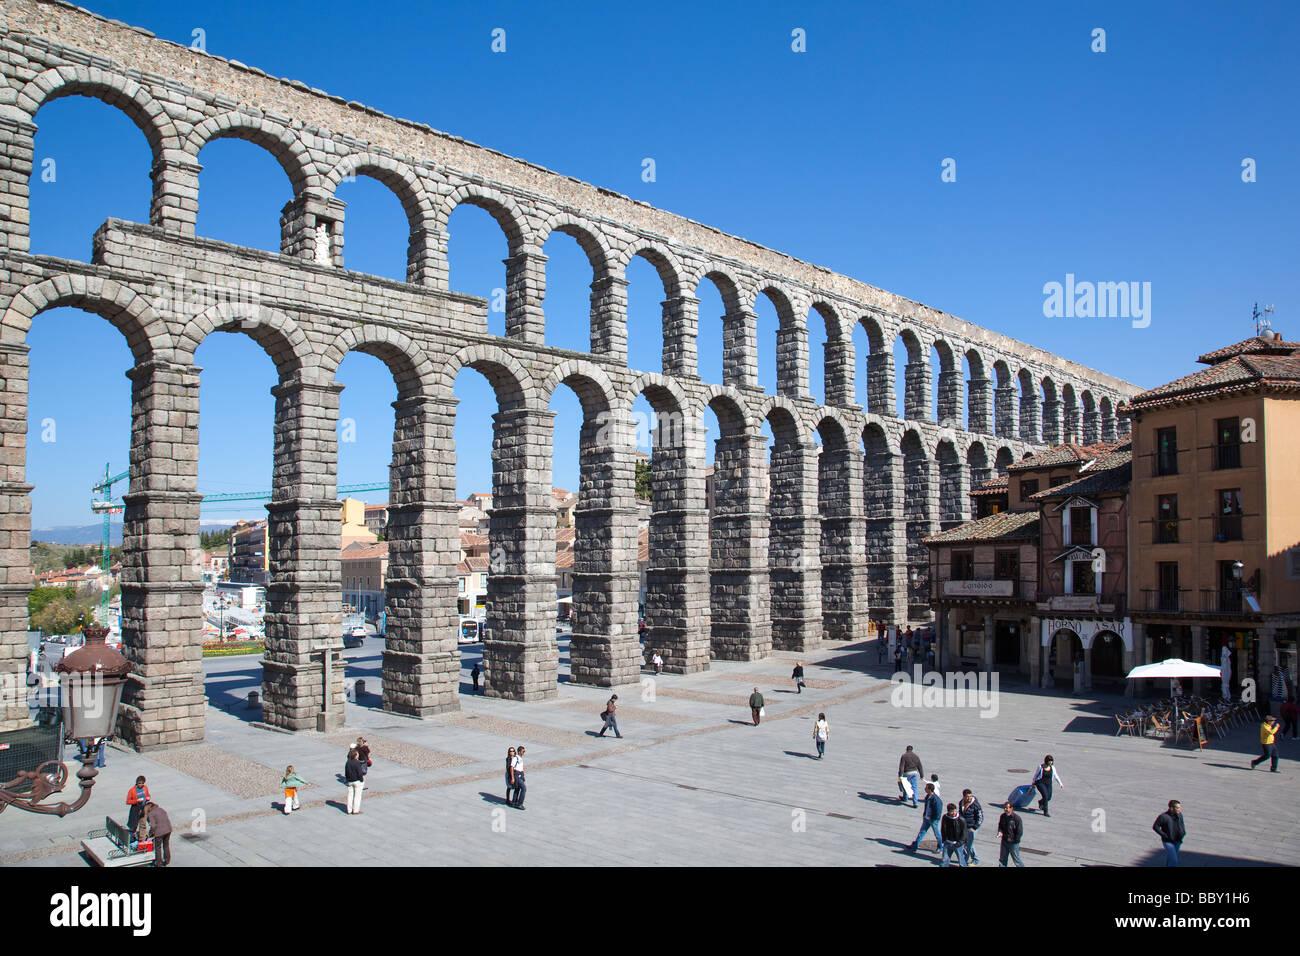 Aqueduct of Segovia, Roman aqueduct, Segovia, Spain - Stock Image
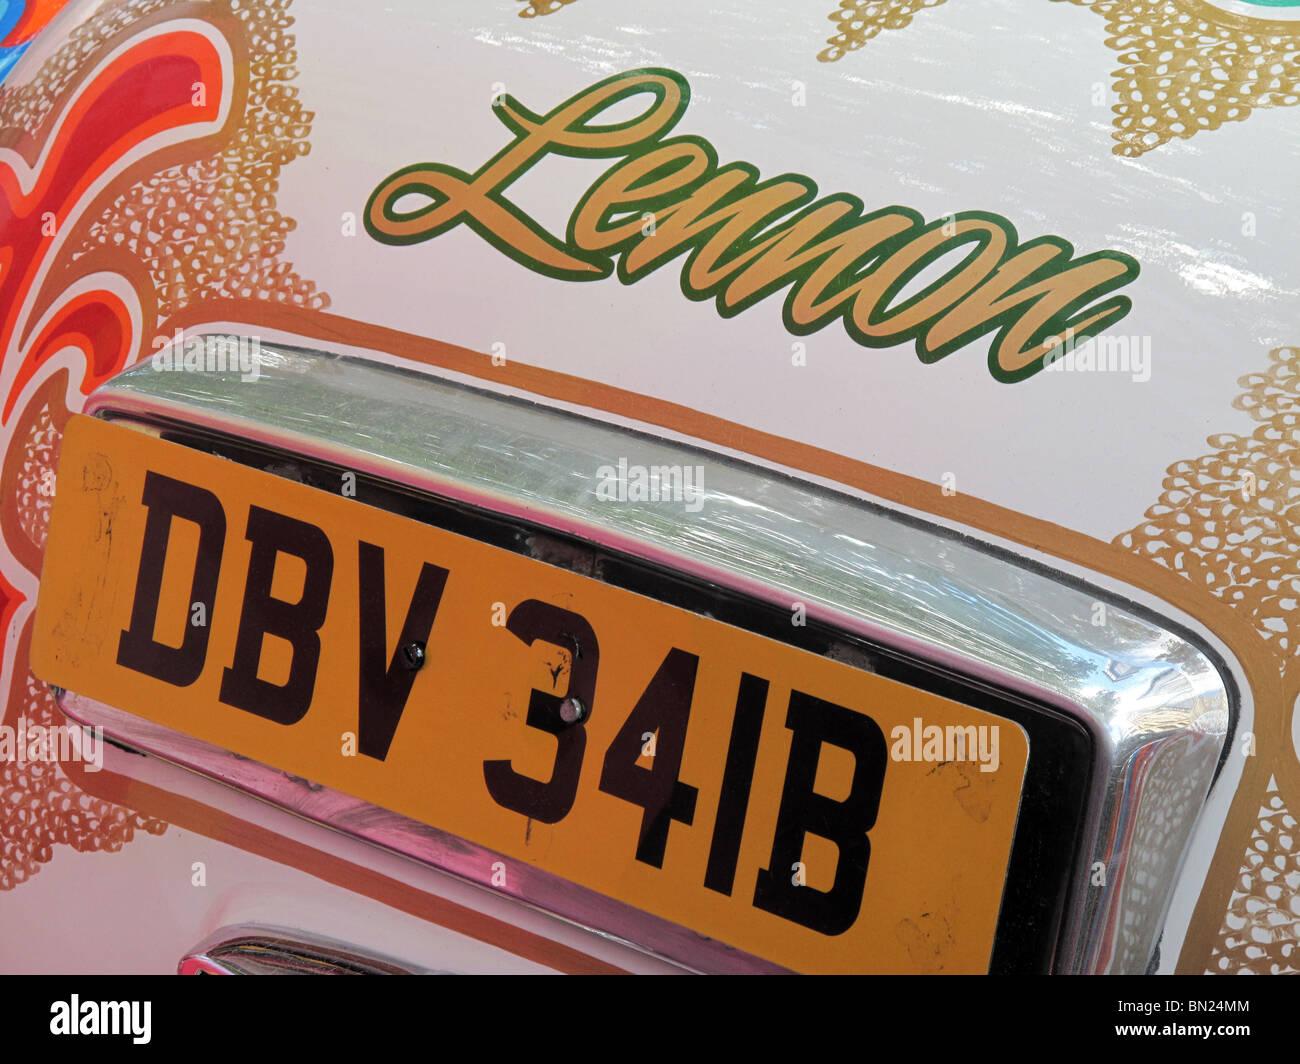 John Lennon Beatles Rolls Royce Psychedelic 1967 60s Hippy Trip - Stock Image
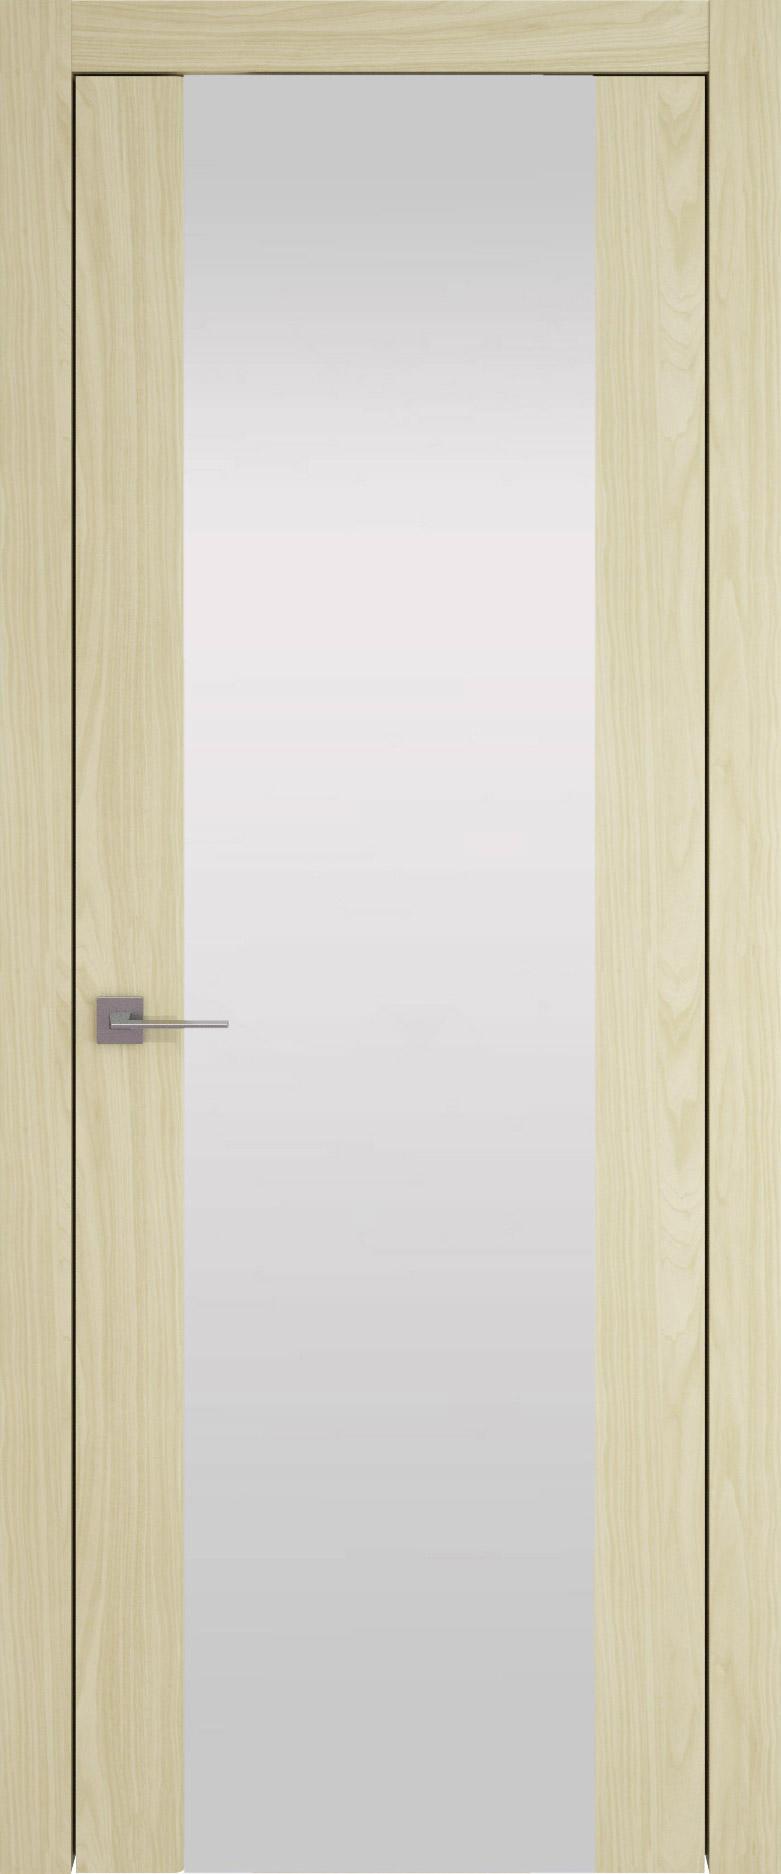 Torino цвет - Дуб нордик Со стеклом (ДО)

---+---

Your task is an exact transcription of all the data, minus the pictures.

 Aqueduct of Segovia, Roman aqueduct, Segovia, Spain - Stock Image
 John Lennon Beatles Rolls Royce Psychedelic 1967 60s Hippy Trip - Stock Image
 Torino цвет - Дуб нордик Со стеклом (ДО)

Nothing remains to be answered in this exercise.